Rated 5 out of 5 by from No stomach distress! Have grown these cakes for years! They are excellent climbers, prolific and crisp!
Date published: 2017-08-19
Rated 5 out of 5 by from Great Dependable Cucumber I have grown this as well as several other varieties and it has done well compared with with the others. It produces nice, straight, nice slicing size cucumbers,
Date published: 2017-08-07
Rated 1 out of 5 by from Disappointing All six seeds I planted germinated and produced healthy plants. These bloomed well but produced only about six medium small cucumbers before they quit blooming. The plants still look OK except that they wilt badly in warm weather (70's) .Providing a bit of shade and watering every few days keeps the plants looking OK but still no more fruit! Maybe it's our cool (San Francisco Bay area) summer weather?? At least the fruit we did get tasted good...

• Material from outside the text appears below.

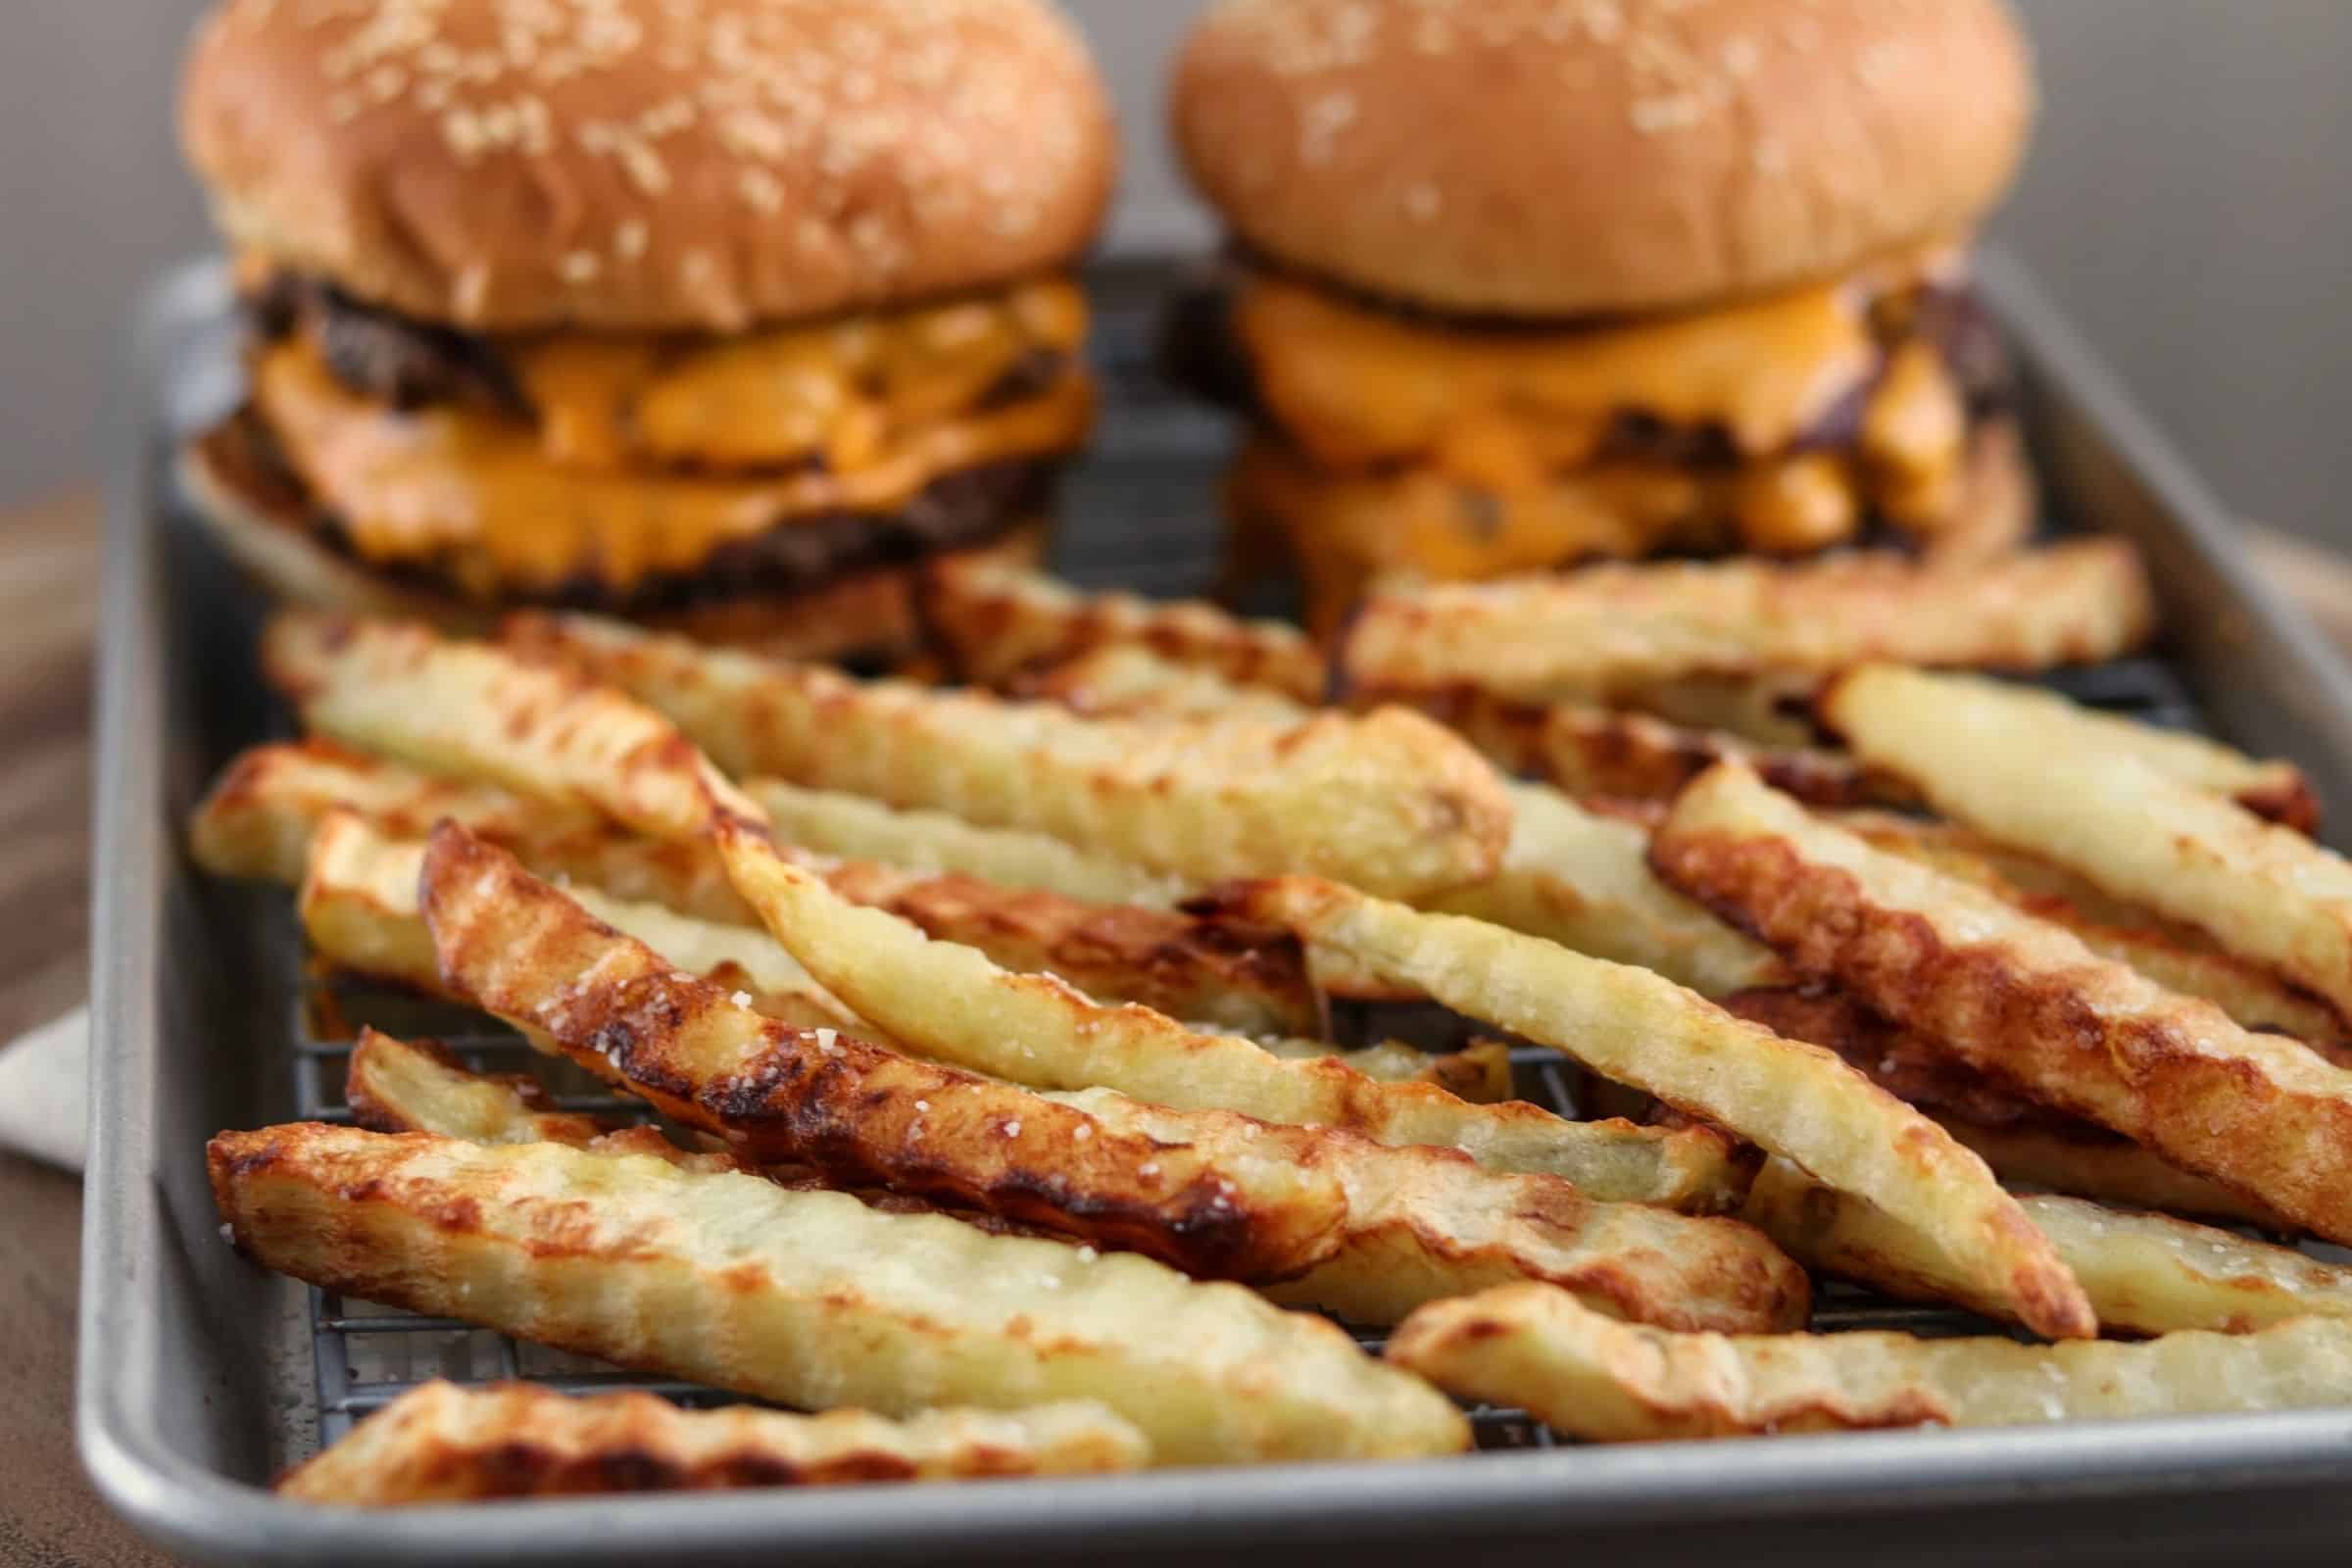 How to Make Crinkle Cut Fries in an Air Fryer or Oven

Date published: 2017-07-19
Rated 5 out of 5 by from Love this Cucumber Second year in a row I have got them and plan to buy some every year... Planted them again this Spring and even thought it is getting hot and dry they keep producing... Even when they get large and they do get large, some over 12 inches long, they are crisp and tasty... Best cucumber I ever planted. Have several other types of cukes and they have burned out already but this type will produce all Summer long...
Date published: 2017-07-15
Rated 5 out of 5 by from Great Taste, Fantastic Yield I grew these on the ground and in cages (like tomatoes). The vines and yoild was prolific. Excellent taste. I'm coming back for more! Gave away tons!

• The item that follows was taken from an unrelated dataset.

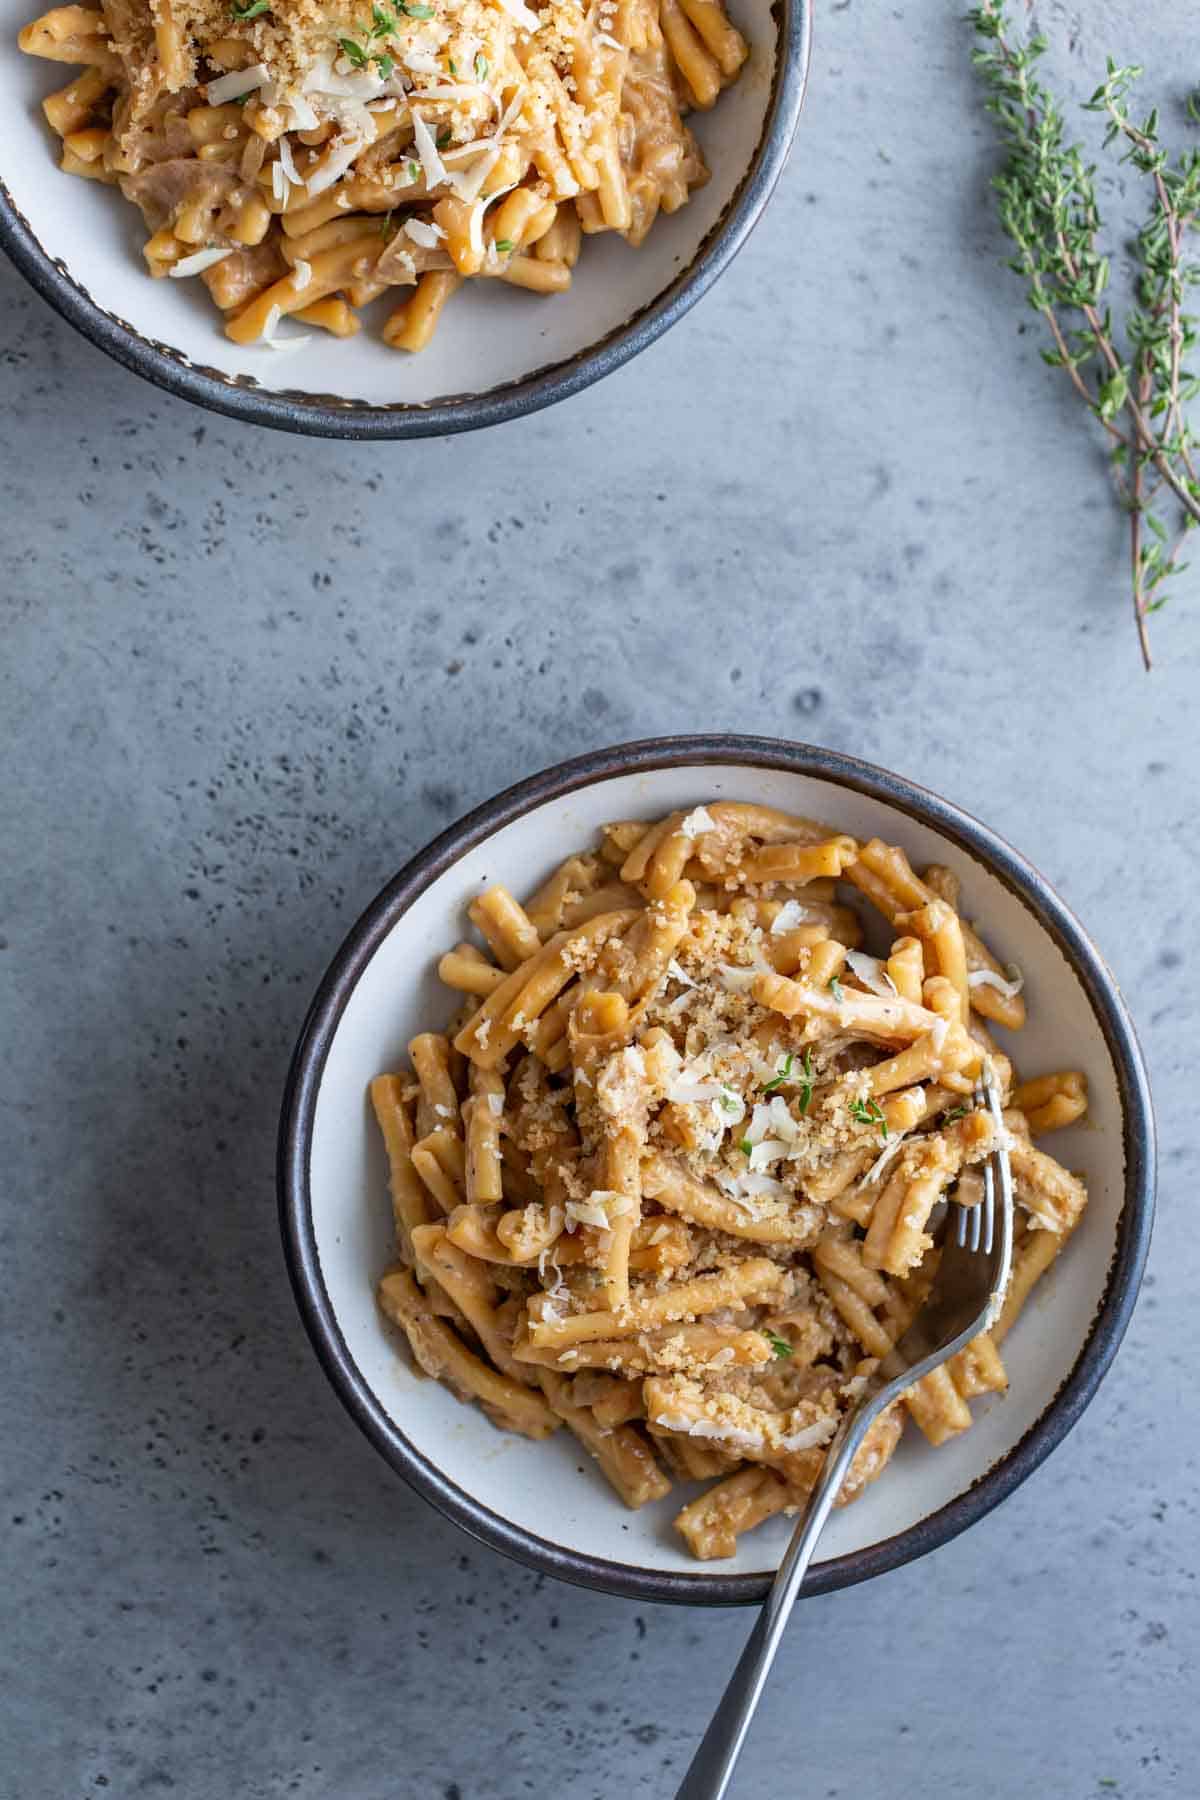 Two bowls of creamy pasta topped with grated cheese and herbs on a gray surface.

Date published: 2017-07-15
Rated 5 out of 5 by from Sweet Burpless Hybrid Cucumber This past spring was my first time to purchase seeds from Burpee so it was my first time to try the Sweet Burpless cucumber and it is amazing! I live in East Texas where the heat and humidity take a toll on veggies from about mid July on. One reason I chose the Sweet Burpless because it was resistant to the molds. I has performed like I never imagined! I canned 205 quarts of pickles! I have given away sacks of cucumbers to friends and coworkers. Our horses eat them happily every day. Today is October 8 and while most of the vines have died down, about 1/3 of them are still growing and blooming! Also, the germination rate was nearly 100%. While I may not need cucumbers next year... I am going to shop for the other seeds I usually buy locally because the quality of these seeds has been exceptional. Thank you for providing such a great product!
Date published: 2016-10-08
Rated 4 out of 5 by from A crisp and delicious cucumber The only reason I knocked off a star is that mine had some very large seeds unless I picked them early when they were only 7" long. It was a very dry summer, so the cucumbers were pretty misshapen. I watered using a drip line every 3-4 days for 90 min, and they still came out 1/2 skinny 1/2 bloated. However, taste was excellent, a good producer. 1st time that I've ever had cucumbers into September, usually powdery mildew takes my plants out by end of July. This year used fish & seaweed fertilizer mid-July and again end of August. Grew 2 plants, direct seed, and had at least 6 cucumbers a week to eat/share with friends.
Date published: 2016-09-18
Rated 5 out of 5 by from A Winner, Finally I've had problems with various kinds of cukes (and pickles) over the years, the ultimately fatal problem usually stemming from what I think has been some kind of downy mildew and/or blight. This year, however, this variety pulled through that issue (it did in my pickles!) and the production is still going strong into September. Oddly enough, the plants from seeds that I direct-sowed have produced better than those I seed-started. My strongest advice is to (carefully) train/weave the vines higher through a lattice of some sort - the best of my crop has come at a height of 4-5' - to get distance from soil-borne pests, and so the fruits hang/get good shape/harvest more easily. Also, allow for ample room - the vines will run far!